No More Annual Pap Smears? What You Need to Know About the New Cervical Cancer Screening Guidelines

New cervical cancer screening guidelines released this week recommend that most women get a pap smear every three years instead of every year, and that women younger than 21 not get tested at all, even if they're sexually active or at risk for Human Papilloma Virus (HPV) infection.

The reasoning is that treating young women for HPV infections can cause problems that lead to infertility later on. In spite of the push to vaccinate young girls and boys against HPV, experts agree that most HPV infections clear up on their own, and the ones that don't can take as long as a decade to develop into cervical cancer, which leaves plenty of time for screening and treatment later in life.

"Screening tests can unintentionally cause significant harm," the United States Preventive Services Task Force wrote in their guidelines, which were published this week in the Annals of Internal Medicine. "False-positive test results can lead to overdiagnosis; misdiagnosis; and the potential for unnecessary diagnostic testing, procedures, and treatments and their inherent risks."

Another set of recommendations -- published jointly by The American Cancer Society, American Society for Colposcopy and Cervical Pathology, and American Society for Clinical Pathology -- points out that an annual check-up with your OB-GYN is still in order. "The well-woman visit has always been more than just a "Pap smear," and the decreased need for cervical screening actually constitutes a minor change to an important aspect of a woman's health care," they point out. "The decreased requirement for cervical screening frees up valuable time at the visit, which will facilitate clinicians' ability to address the many other important components of health care screening and evaluation."

Both sets of guidelines specifically say that women should not have pap smears done every year, and both underscore the fact that most of the women who die from cervical cancer have never been screened at all. While less-frequent screening will reduce problems associated with false-positives, "More frequent testing may be appropriate for women with conditions that place them at an increased risk of cervical cancer, such as immunocompromise or human immunodeficiency virus (HIV) infection," the American Cancer Society's guidelines state.

Here are some of the changes announced by both groups this week:

Women younger than 21 should not get screened for cervical cancer at all, even if they're sexually active. The previous American Cancer Society guidelines urged women to start screening within three years of becoming sexually active. Women in this age group do develop HPV infections, but now experts say that more-frequent screening can do more harm than good, Dr. Otis Webb Brawley, and oncologist and the chief medical officer of the American Cancer Society, told CNN. It can take more than a decade for a HPV infection to develop into cervical dysplasia or cancer, and "If HPV is detected, it is usually treated," he said. "However, treatment can lead to cervical incompetence and miscarriage years later. And most infections that are not treated subside within nine months without residual effects."

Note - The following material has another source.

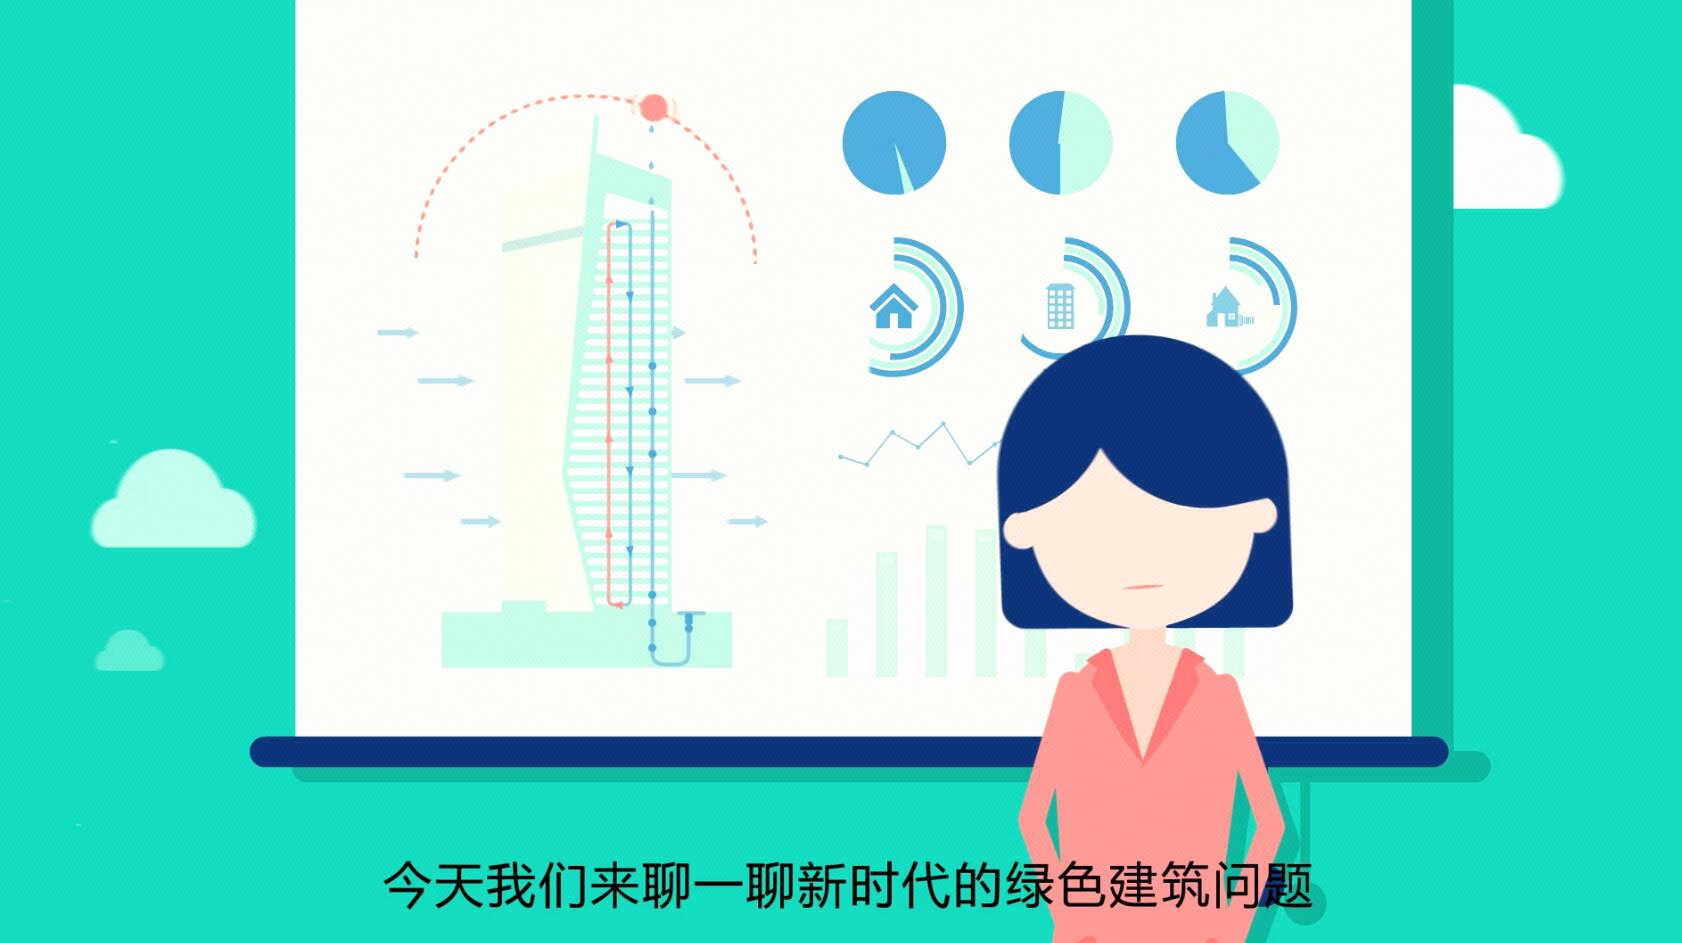 【聚划算】flash动画MG创意/企业/二维动画APP飞碟说

Women aged 21 to 29 should get a pap test -- but not a separate HPV screening -- every three years. In a pap smear, a sample of cells are taken from the cervix and checked for microscopic abnormalities; an HPV test also uses a sample of cells from the cervix, but checks specifically for strains of the human Papilloma Virus. So, why check for pre-cancerous cells but not for the virus that causes them? "The virus is highly prevalent and cytologic abnormalities are often transient," the U.S. Preventive Services Task Force guidelines say. In other words, many women may have HPV, but any physical problems caused by it either resolve on their own or grow so slowly that checking for cell changes every three years is still enough to catch cancer in its early, most-treatable stages.

Women age 30 to 65 should get both a pap test and an HPV screening every three to five years. Here is where the two sets of guidelines differ. The task force guidelines suggest running both tests every three years, but the American Cancer Society's guidelines state that pap tests should be done every three years only if HPV testing is not available or practical; women who opt for HPV testing can have pap tests done every five years instead.

Some women who are older than 65 may not need to be screened at all. Those who have not had abnormal pap test results or who have tested negative for HPV in the last 10 years can stop getting pap tests and HPV screenings done, regardless of whether they're sexually active or not.

If you've been vaccinated against HPV, you still need to be screened for cervical cancer. Because the vaccine does not protect against all of the strains of HPV that cause cervical cancer, and because long-term effects of the vaccine are still unknown, the American Cancer Society recommends that women who have been vaccinated for HPV still start screening when they're 21.